I have a follow-up question regarding the one I asked at the webinar just concluded, about the utility of a right of first refusal to affordable housing developers to acquire foreclosed properties (at minimal cost) in areas like Oak Park. Thanks very much for your response to that question, btw.
Let me provide some context. Arguably, the opportunity for a person to access affordable housing is of fundamental LEGAL significance, in addition to being a basic human need. EHI believes that the Mount Laurel II decision in New Jersey (1983) correctly held that ALL barriers to that opportunity that are caused by, or are under the control of, government are illegal – and we know of no contrary judicial opinions. Numerous state Supreme Courts have joined Mount Laurel in holding exclusionary zoning illegal, and numerous states (including Illinois) have attempted to legislate around regulatory barriers. (There also is relevant Illinois case law.)

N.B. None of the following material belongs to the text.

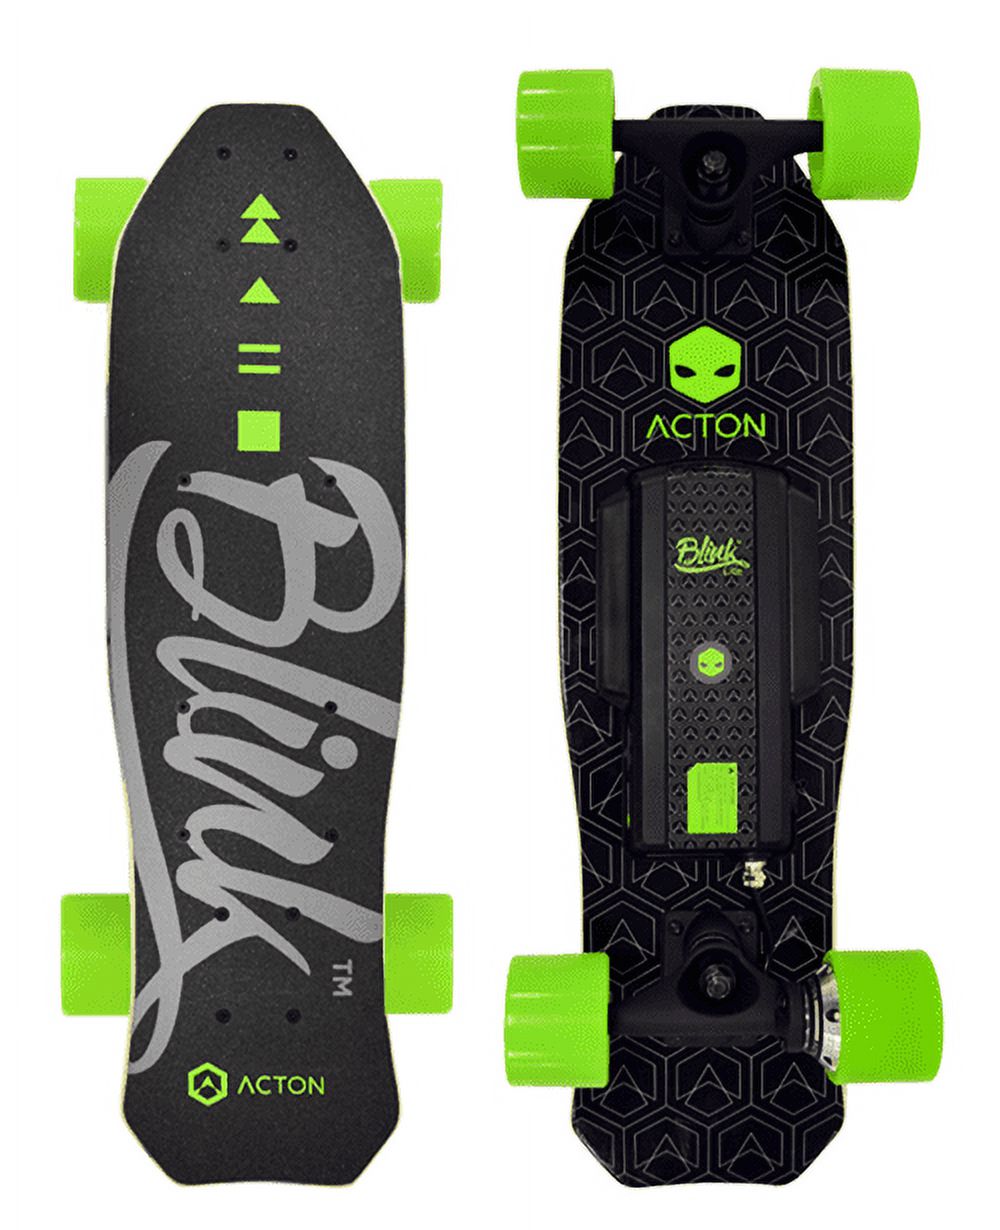 ACTON Blink Lite Electric Skateboard - image 1 of 9

Following the principles behind those decisions and statutes, it seems to me that where a local government takes over control of a piece of property (e.g., multifamily building), and where there are people who lack the opportunity for affordable housing, that government should do nothing to stand in the way of that opportunity. Thus, it should not sell that property to a bank (as in the Oak Park case you discussed) or otherwise dispose of the property, without offering it to a developer who provides a reasonable plan to use the property for affordable housing.
The logic I have just outlined seems to apply regardless of whether the property owner obtains a government subsidy to provide affordable housing. And that approach seems to be of enormous economic importance, given the high costs of land in most of America’s metros.
Given that context, does the right of first refusal approach make sense to you for foreclosed properties generally? Please feel free to give me any further thoughts you may have. (EHI’s evolving website (http://cswac.org) contains further discussion of relevant issues.)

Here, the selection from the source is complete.